State Key Laboratory of Biocatalysis and Enzyme Engineering, Hubei Collaborative Innovation Center for Green Transformation of Bio-Resources, Hubei Key Laboratory of Industrial Biotechnology, School of Life Sciences, Hubei University, Wuhan, 430062, China.
School of Computer Science and Engineering, Guangdong Province Key Laboratory of Computational Science, and National Engineering Laboratory for Big Data Analysis and Application, Sun Yat-Sen University, Guangzhou, 510275, China.
BMC Bioinformatics. 2022 Jan 6;23(1):19. doi: 10.1186/s12859-021-04533-6.
The gene-specific sweep is a selection process where an advantageous mutation along with the nearby neutral sites in a gene region increases the frequency in the population. It has been demonstrated to play important roles in ecological differentiation or phenotypic divergence in microbial populations. Therefore, identifying gene-specific sweeps in microorganisms will not only provide insights into the evolutionary mechanisms, but also unravel potential genetic markers associated with biological phenotypes. However, current methods were mainly developed for detecting selective sweeps in eukaryotic data of sparse genotypes and are not readily applicable to prokaryotic data. Furthermore, some challenges have not been sufficiently addressed by the methods, such as the low spatial resolution of sweep regions and lack of consideration of the spatial distribution of mutations.
We proposed a novel gene-centric and spatial-aware approach for identifying gene-specific sweeps in prokaryotes and implemented it in a python tool SweepCluster. Our method searches for gene regions with a high level of spatial clustering of pre-selected polymorphisms in genotype datasets assuming a null distribution model of neutral selection.
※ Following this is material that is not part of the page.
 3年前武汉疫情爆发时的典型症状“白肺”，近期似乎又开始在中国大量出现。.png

The pre-selection of polymorphisms is based on their genetic signatures, such as elevated population subdivision, excessive linkage disequilibrium, or significant phenotype association. Performance evaluation using simulation data showed that the sensitivity and specificity of the clustering algorithm in SweepCluster is above 90%. The application of SweepCluster in two real datasets from the bacteria Streptococcus pyogenes and Streptococcus suis showed that the impact of pre-selection was dramatic and significantly reduced the uninformative signals. We validated our method using the genotype data from Vibrio cyclitrophicus, the only available dataset of gene-specific sweeps in bacteria, and obtained a concordance rate of 78%. We noted that the concordance rate could be underestimated due to distinct reference genomes and clustering strategies. The application to the human genotype datasets showed that SweepCluster is also applicable to eukaryotic data and is able to recover 80% of a catalog of known sweep regions.
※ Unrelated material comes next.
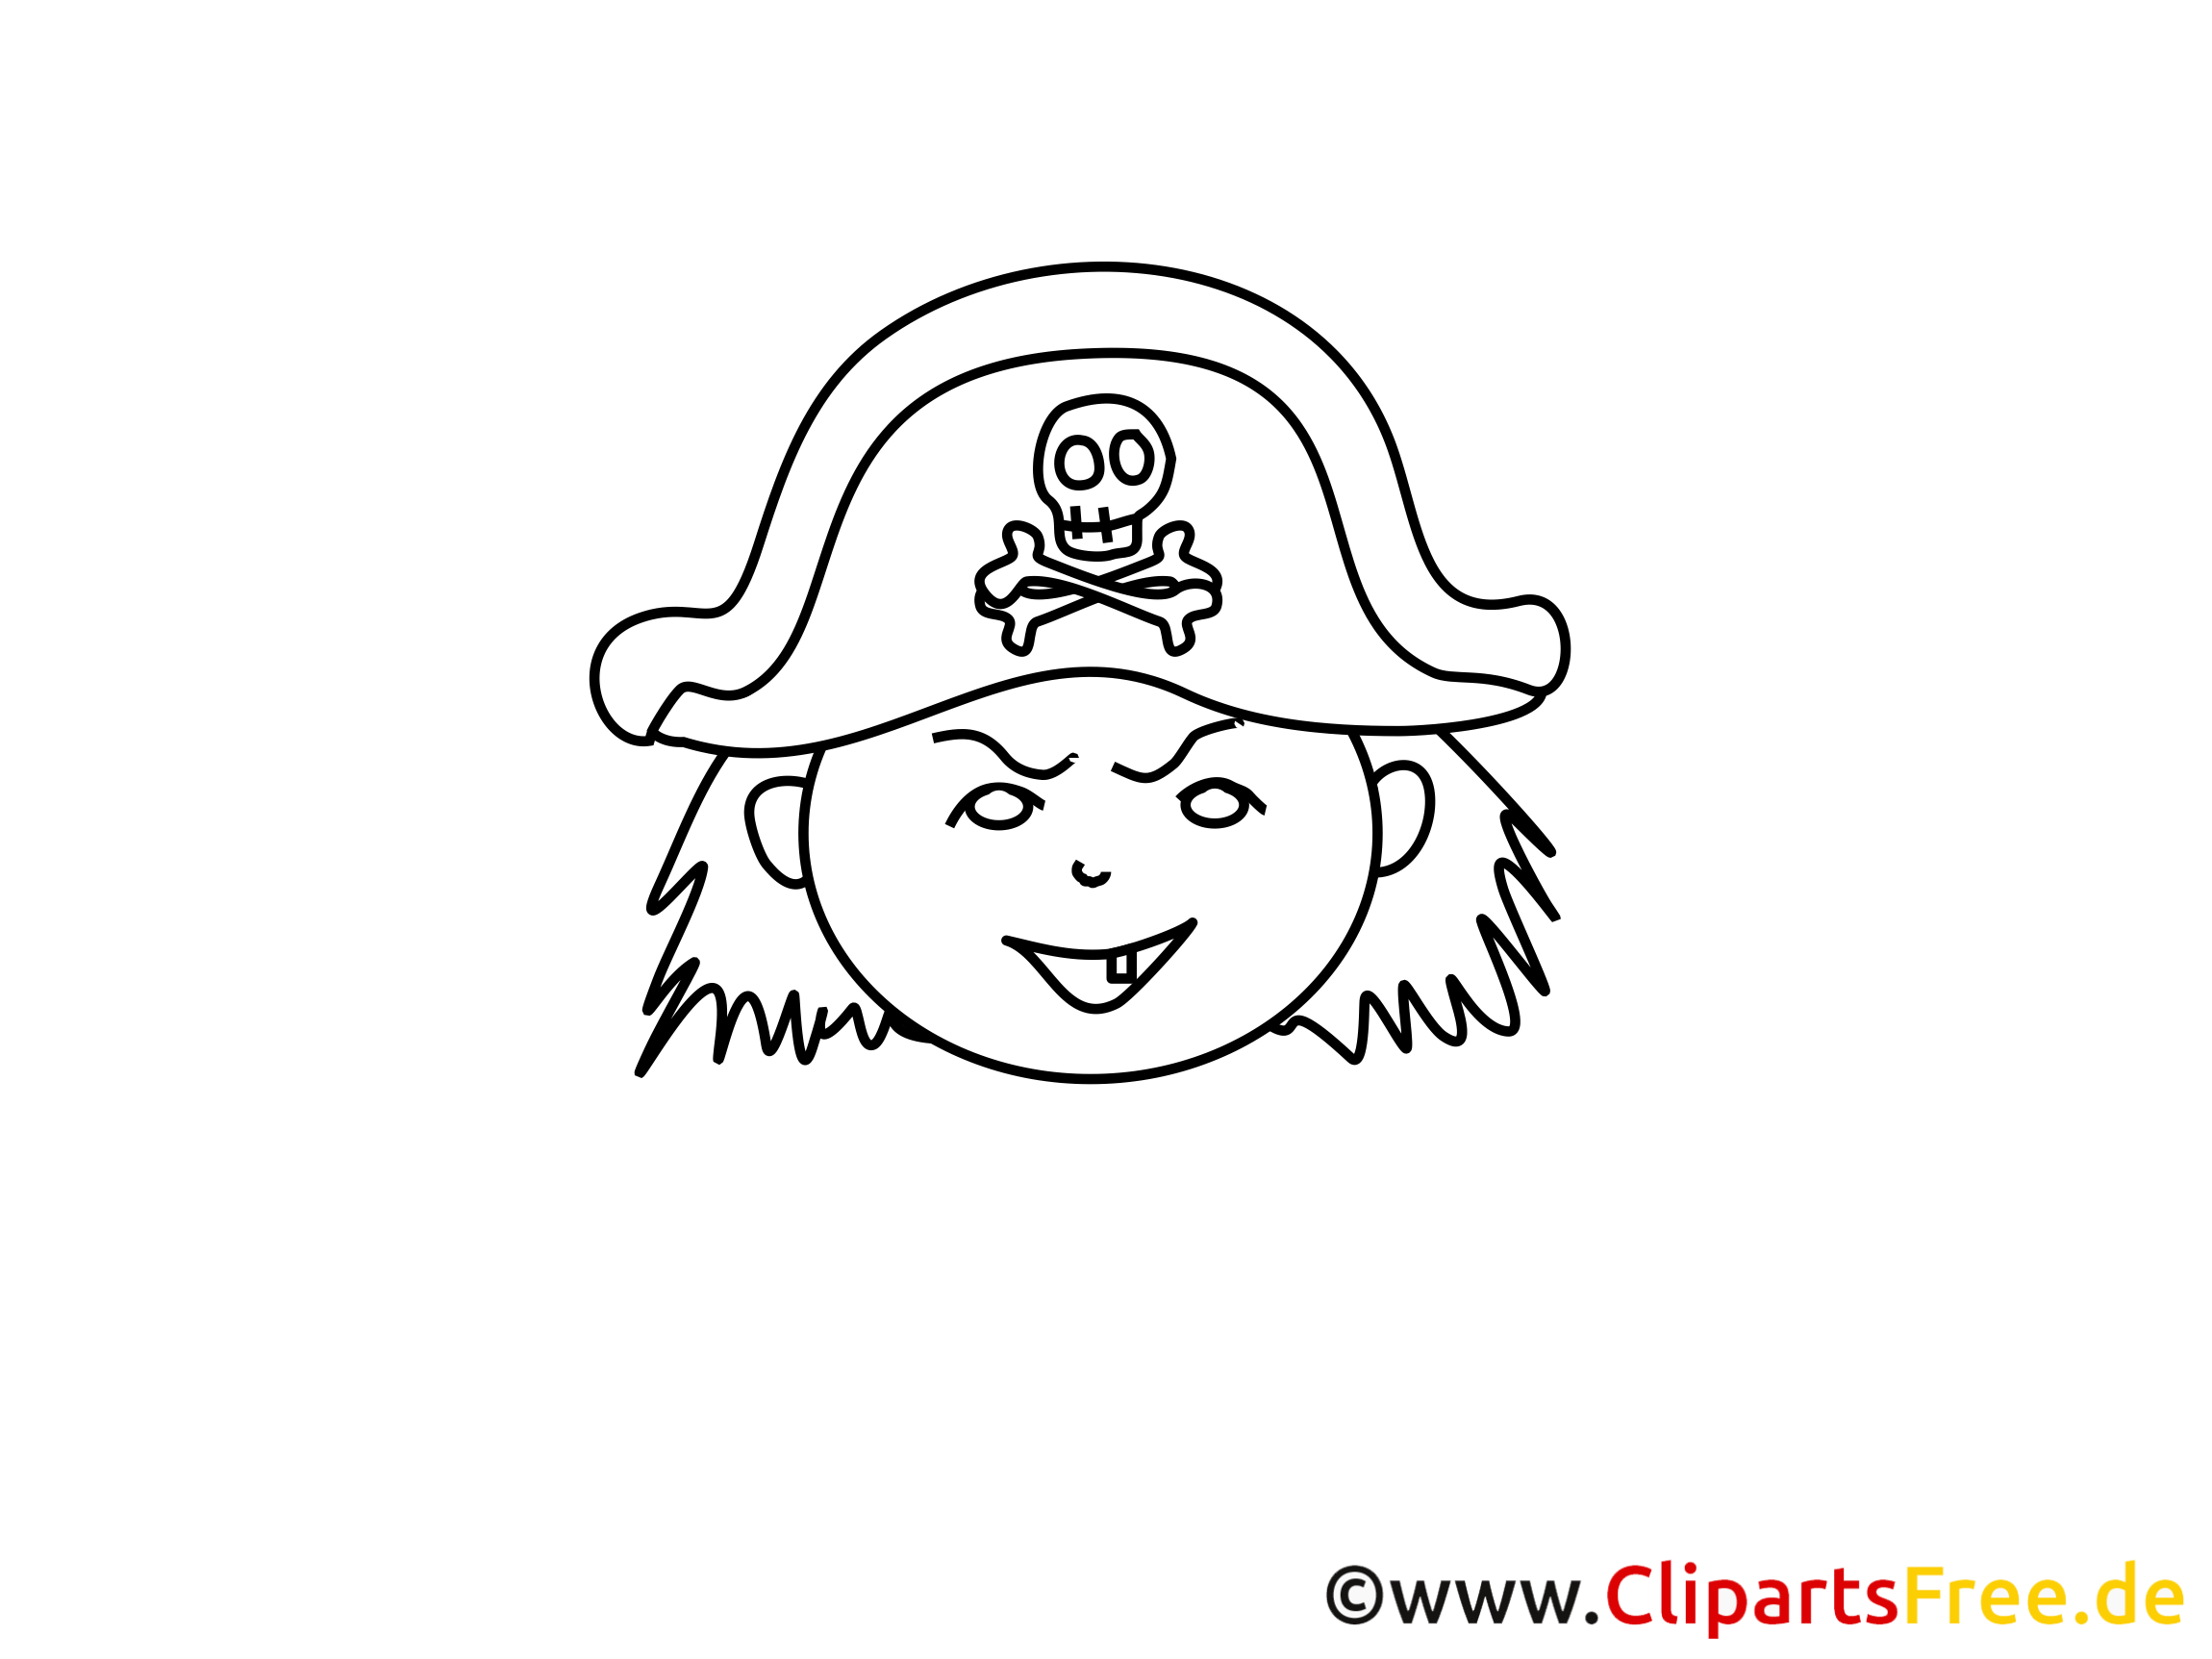 Pirate cliparts gratuis – Gens à imprimer

SweepCluster is applicable to a broad category of datasets. It will be valuable for detecting gene-specific sweeps in diverse genotypic data and provide novel insights on adaptive evolution.
基因特异性漂变是一种选择过程,其中一个基因区域内有利的突变及其附近的中性位点会增加其在种群中的频率。它已被证明在微生物种群的生态分化或表型分化中发挥着重要作用。因此,鉴定微生物中的基因特异性漂变不仅可以深入了解进化机制,还可以揭示与生物表型相关的潜在遗传标记。然而,目前的方法主要是为检测真核生物稀疏基因型数据中的选择漂变而开发的,并不适用于原核生物数据。此外,一些方法尚未充分解决的挑战,如漂变区域的低空间分辨率以及缺乏对突变空间分布的考虑。
我们提出了一种新的基于基因和空间感知的方法,用于鉴定原核生物中的基因特异性漂变,并在一个名为 SweepCluster 的 python 工具中实现了该方法。我们的方法在基因型数据中搜索具有高水平空间聚类的基因区域,假设中性选择的零分布模型。多态性的预选择基于其遗传特征,如种群划分的增加、过度连锁不平衡或显著的表型关联。使用模拟数据进行的性能评估表明,SweepCluster 中的聚类算法的灵敏度和特异性均高于 90%。将 SweepCluster 应用于来自链球菌和猪链球菌的两个真实数据集,结果表明预选择的影响显著,显著减少了无信息信号。我们使用细菌中唯一可用的基因特异性漂变的基因型数据验证了我们的方法,得到了 78%的一致性率。我们注意到,由于参考基因组和聚类策略的不同,一致性率可能被低估。对人类基因型数据集的应用表明,SweepCluster 也适用于真核生物数据,并能够恢复已知的 80%的漂变区域目录。
SweepCluster 适用于广泛的数据集。它将有助于检测不同基因型数据中的基因特异性漂变,并为适应性进化提供新的见解。